Problem:
Nothing but the lines from the one containing "Zelinkaderidae, a New" through the one containing "SanDee & amelie's Steampunk Challenges", both included, should be given again, each exactly as written below.

(Extracted data entries)

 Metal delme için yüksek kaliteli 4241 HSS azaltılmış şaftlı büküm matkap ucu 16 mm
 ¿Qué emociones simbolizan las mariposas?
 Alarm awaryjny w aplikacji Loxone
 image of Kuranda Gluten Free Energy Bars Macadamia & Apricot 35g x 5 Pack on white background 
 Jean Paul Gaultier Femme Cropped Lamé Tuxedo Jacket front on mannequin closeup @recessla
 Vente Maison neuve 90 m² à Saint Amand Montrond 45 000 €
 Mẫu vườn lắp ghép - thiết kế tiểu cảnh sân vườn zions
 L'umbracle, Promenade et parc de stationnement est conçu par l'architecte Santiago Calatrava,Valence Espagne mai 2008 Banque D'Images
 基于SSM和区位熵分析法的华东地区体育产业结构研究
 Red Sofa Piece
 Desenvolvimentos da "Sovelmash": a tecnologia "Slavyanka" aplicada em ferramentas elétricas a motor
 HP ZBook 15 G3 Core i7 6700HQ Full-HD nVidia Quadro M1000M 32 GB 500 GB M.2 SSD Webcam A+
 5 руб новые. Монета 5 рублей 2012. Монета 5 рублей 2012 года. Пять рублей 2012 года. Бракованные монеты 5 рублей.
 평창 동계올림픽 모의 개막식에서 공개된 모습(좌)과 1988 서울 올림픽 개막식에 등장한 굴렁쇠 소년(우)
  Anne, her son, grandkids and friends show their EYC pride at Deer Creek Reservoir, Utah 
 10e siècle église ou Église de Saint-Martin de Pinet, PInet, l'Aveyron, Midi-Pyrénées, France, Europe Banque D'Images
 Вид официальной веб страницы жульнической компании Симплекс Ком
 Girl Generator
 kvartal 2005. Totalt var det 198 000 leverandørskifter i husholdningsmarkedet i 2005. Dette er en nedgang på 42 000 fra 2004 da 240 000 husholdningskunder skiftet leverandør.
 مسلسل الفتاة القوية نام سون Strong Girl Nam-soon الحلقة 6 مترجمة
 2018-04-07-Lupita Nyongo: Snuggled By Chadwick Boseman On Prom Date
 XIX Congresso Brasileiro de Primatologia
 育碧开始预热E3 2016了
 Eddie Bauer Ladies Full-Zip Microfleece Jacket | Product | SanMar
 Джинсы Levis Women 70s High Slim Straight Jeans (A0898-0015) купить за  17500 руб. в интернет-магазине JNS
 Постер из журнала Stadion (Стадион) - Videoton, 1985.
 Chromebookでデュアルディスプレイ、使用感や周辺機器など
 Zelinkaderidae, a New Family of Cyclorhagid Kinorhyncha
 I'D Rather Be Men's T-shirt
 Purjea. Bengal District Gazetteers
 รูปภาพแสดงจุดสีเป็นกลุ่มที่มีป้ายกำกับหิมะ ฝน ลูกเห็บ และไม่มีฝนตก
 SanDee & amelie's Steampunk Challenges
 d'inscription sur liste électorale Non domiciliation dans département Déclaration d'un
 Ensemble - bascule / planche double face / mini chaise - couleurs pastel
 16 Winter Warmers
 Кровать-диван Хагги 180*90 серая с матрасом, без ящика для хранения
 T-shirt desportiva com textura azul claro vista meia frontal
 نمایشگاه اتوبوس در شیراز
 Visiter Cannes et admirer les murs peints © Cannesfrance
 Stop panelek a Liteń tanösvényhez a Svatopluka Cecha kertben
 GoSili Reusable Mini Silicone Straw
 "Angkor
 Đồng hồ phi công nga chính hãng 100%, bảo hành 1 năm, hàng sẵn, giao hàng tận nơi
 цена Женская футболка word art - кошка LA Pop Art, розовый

Written reply:
 Zelinkaderidae, a New Family of Cyclorhagid Kinorhyncha
 I'D Rather Be Men's T-shirt
 Purjea. Bengal District Gazetteers
 รูปภาพแสดงจุดสีเป็นกลุ่มที่มีป้ายกำกับหิมะ ฝน ลูกเห็บ และไม่มีฝนตก
 SanDee & amelie's Steampunk Challenges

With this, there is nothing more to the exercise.